10. The device of claim 1, wherein the sensor is disposed on the at least one of the legs.

11. The device of claim 1, wherein the fluid is configured to receive thermal energy from tissue within the patient, and wherein the expandable energy delivery assembly is bipolar.

12. The device of claim 2, further comprising a controller configured to adjust the delivery of energy based on information received from the at least one sensor.

13. The device of claim 1, wherein the fluid comprises nitrous oxide.

14. The device of claim 13, wherein the energy is RF energy.

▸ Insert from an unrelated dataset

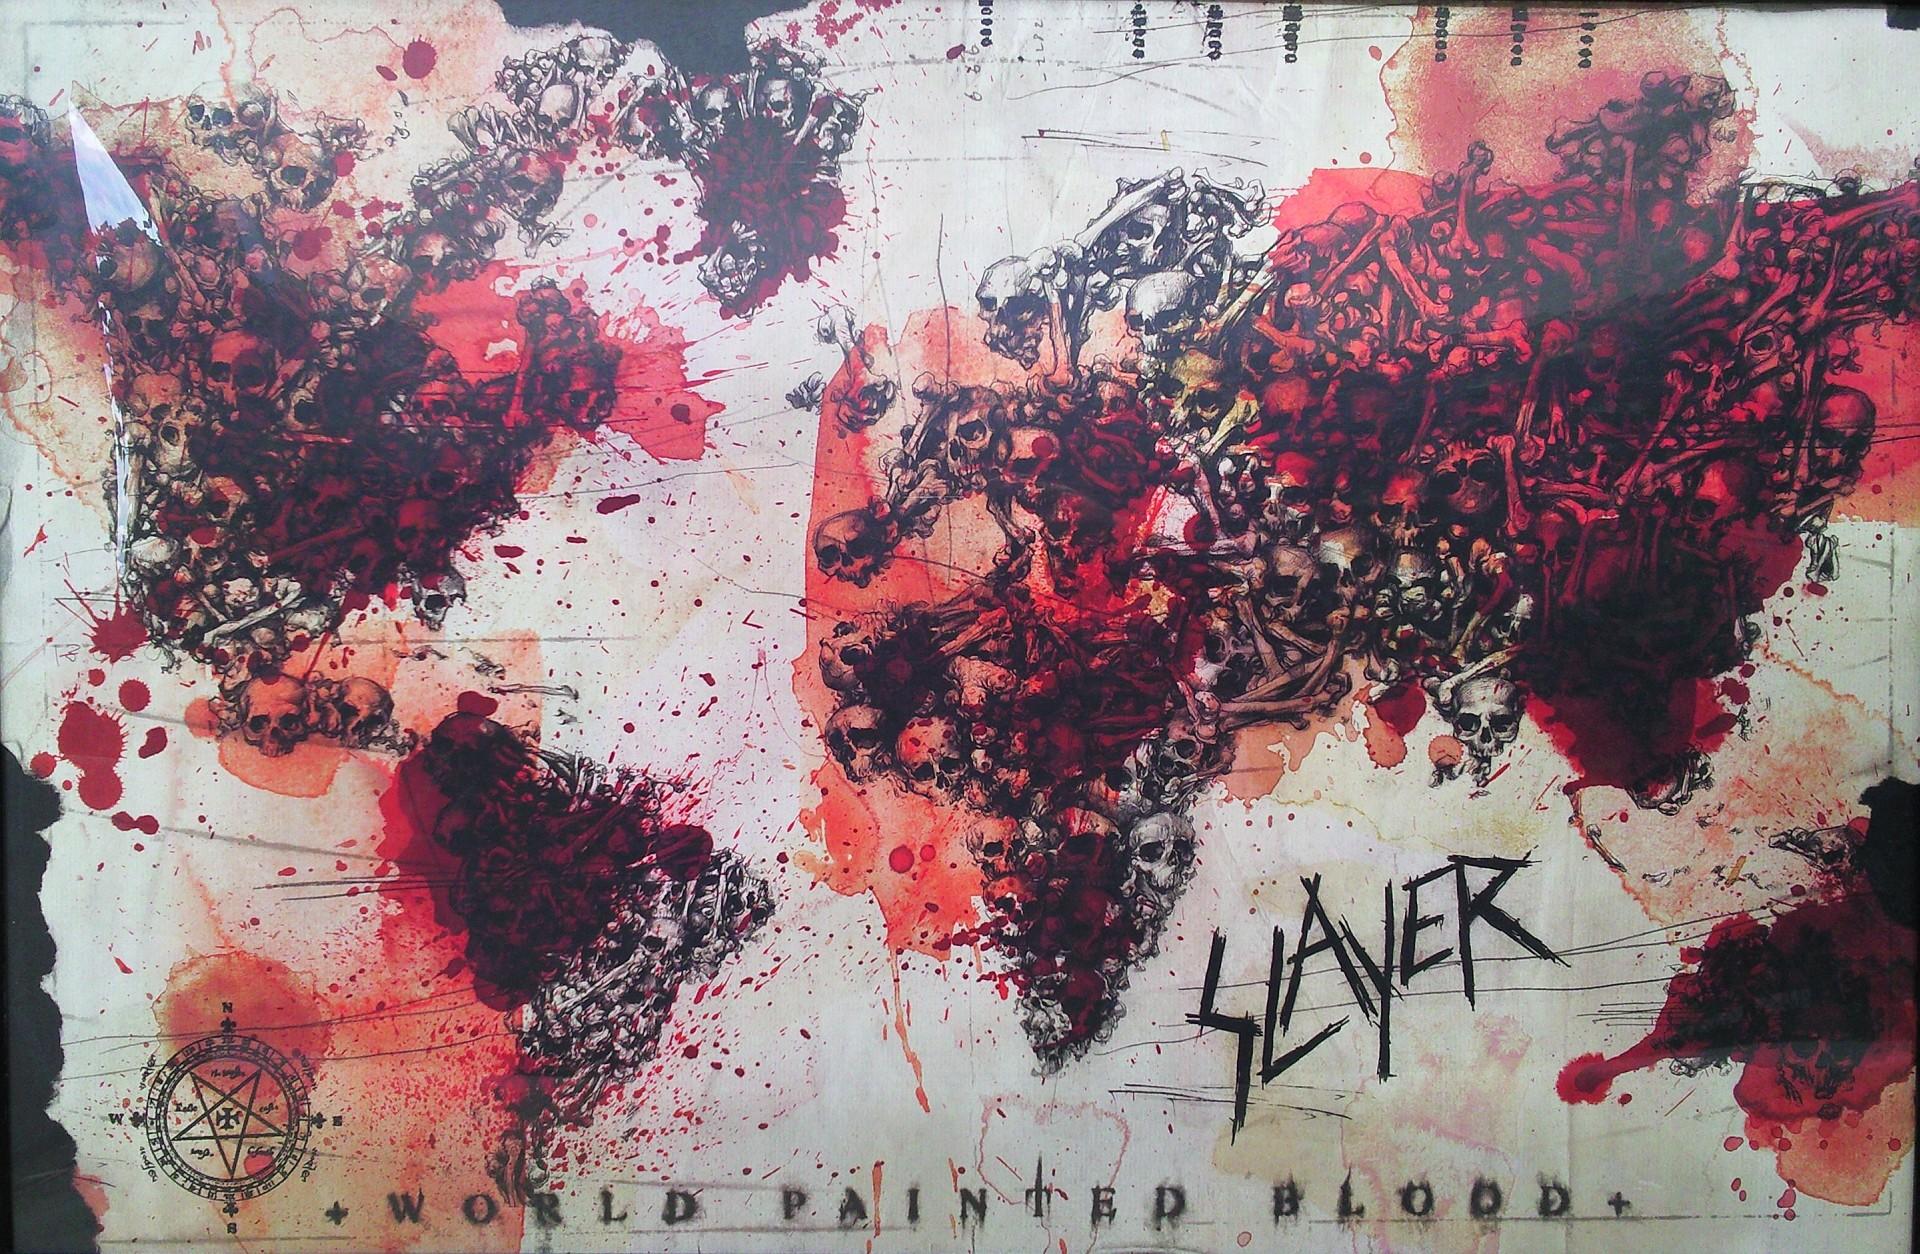 Music Slayer Wallpaper 1920x1254 Music Slayer 1920x1254

15. A device for delivering energy to tissue within a patient, the device comprising:

an elongate member including a proximal end and a distal end;

a plurality of legs defining an energy delivery assembly, wherein the energy delivery assembly is configured to selectively transition between an expanded configuration and a collapsed configuration, wherein at least one of the plurality of legs includes an electrode and a passageway for receiving a cooling fluid therein adjacent the electrode; and

a temperature sensor.

16. The device of clam 15, wherein the passageway includes two passageways disposed on either side of the electrode.

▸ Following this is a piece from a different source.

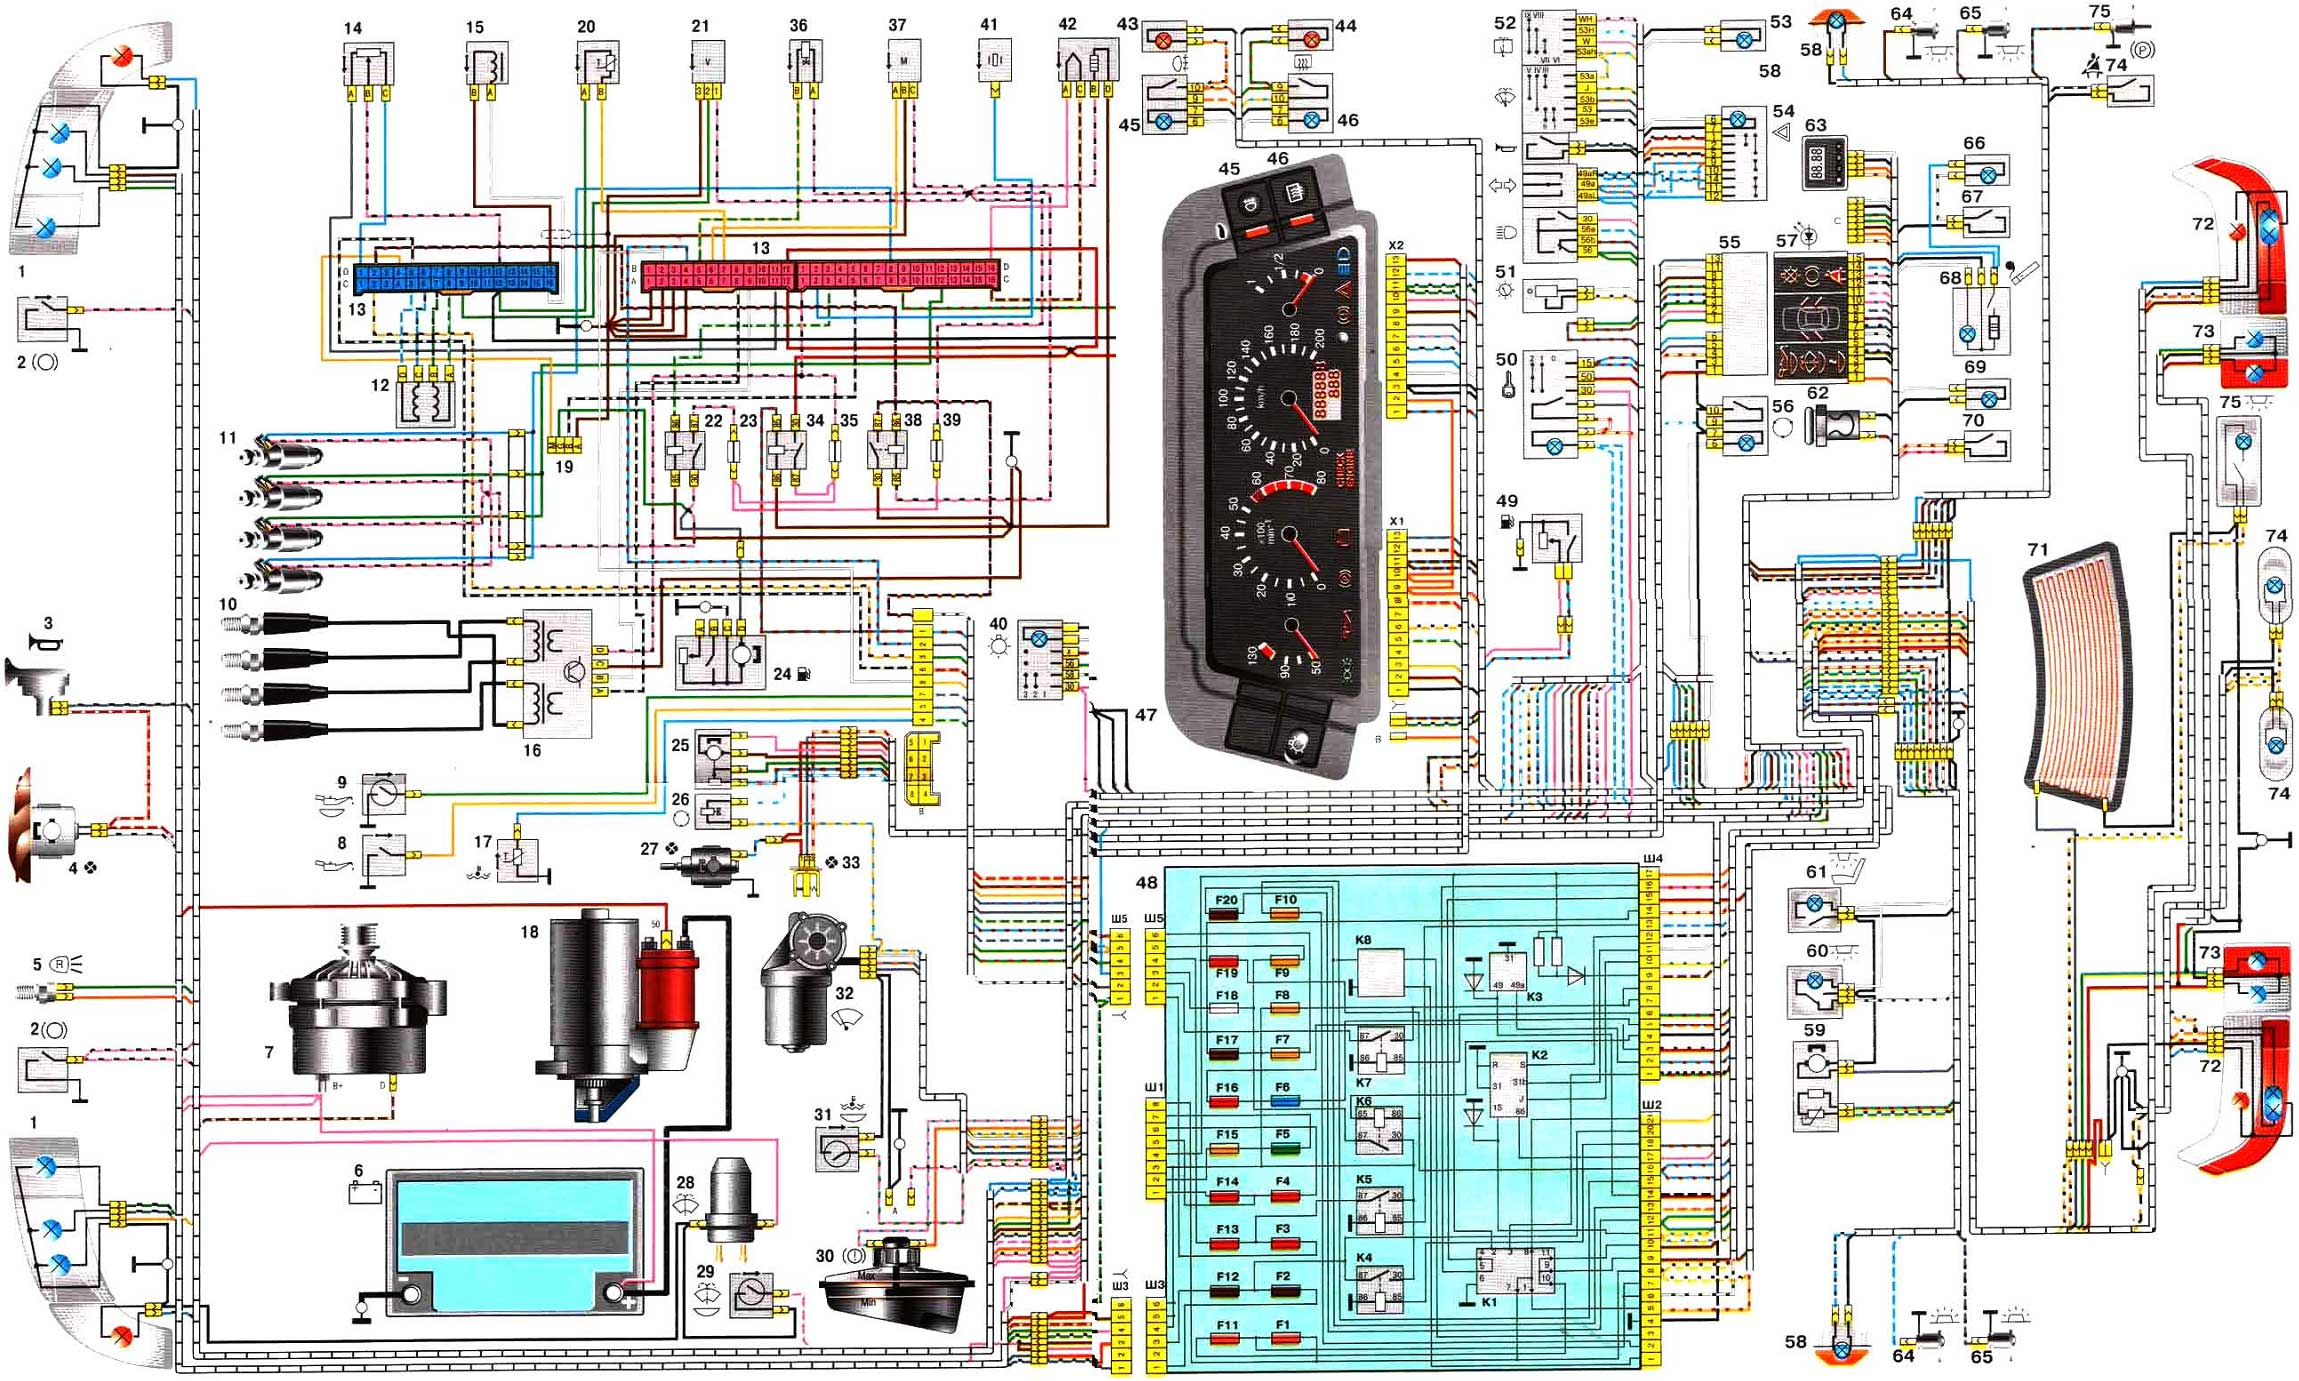 Фото №17 - ВАЗ 2110 инжектор схема

17. The device of claim 15, wherein a wall of the passageway includes an opening through which the fluid can leave the passageway, wherein the opening is configured to cause the fluid to undergo an adiabatic phase change.

18. The device of claim 15, wherein the energy delivery assembly is bipolar.

19. A method of treating an airway of a patient, the method comprising:

delivering energy to a wall of the airway via a device, the device comprising:

an elongate member including a proximal end and a distal end;

a plurality of legs defining an energy delivery assembly, wherein the energy delivery assembly is configured to selectively transition between an expanded configuration and a collapsed configuration, wherein at least one of the plurality of the legs includes an electrode and a passageway for receiving a cooling fluid therein adjacent the electrode; and

a sensor.

20. The method of claim 19, wherein the energy delivery assembly is bipolar, and wherein the opening is disposed on at least one of the plurality of electrodes.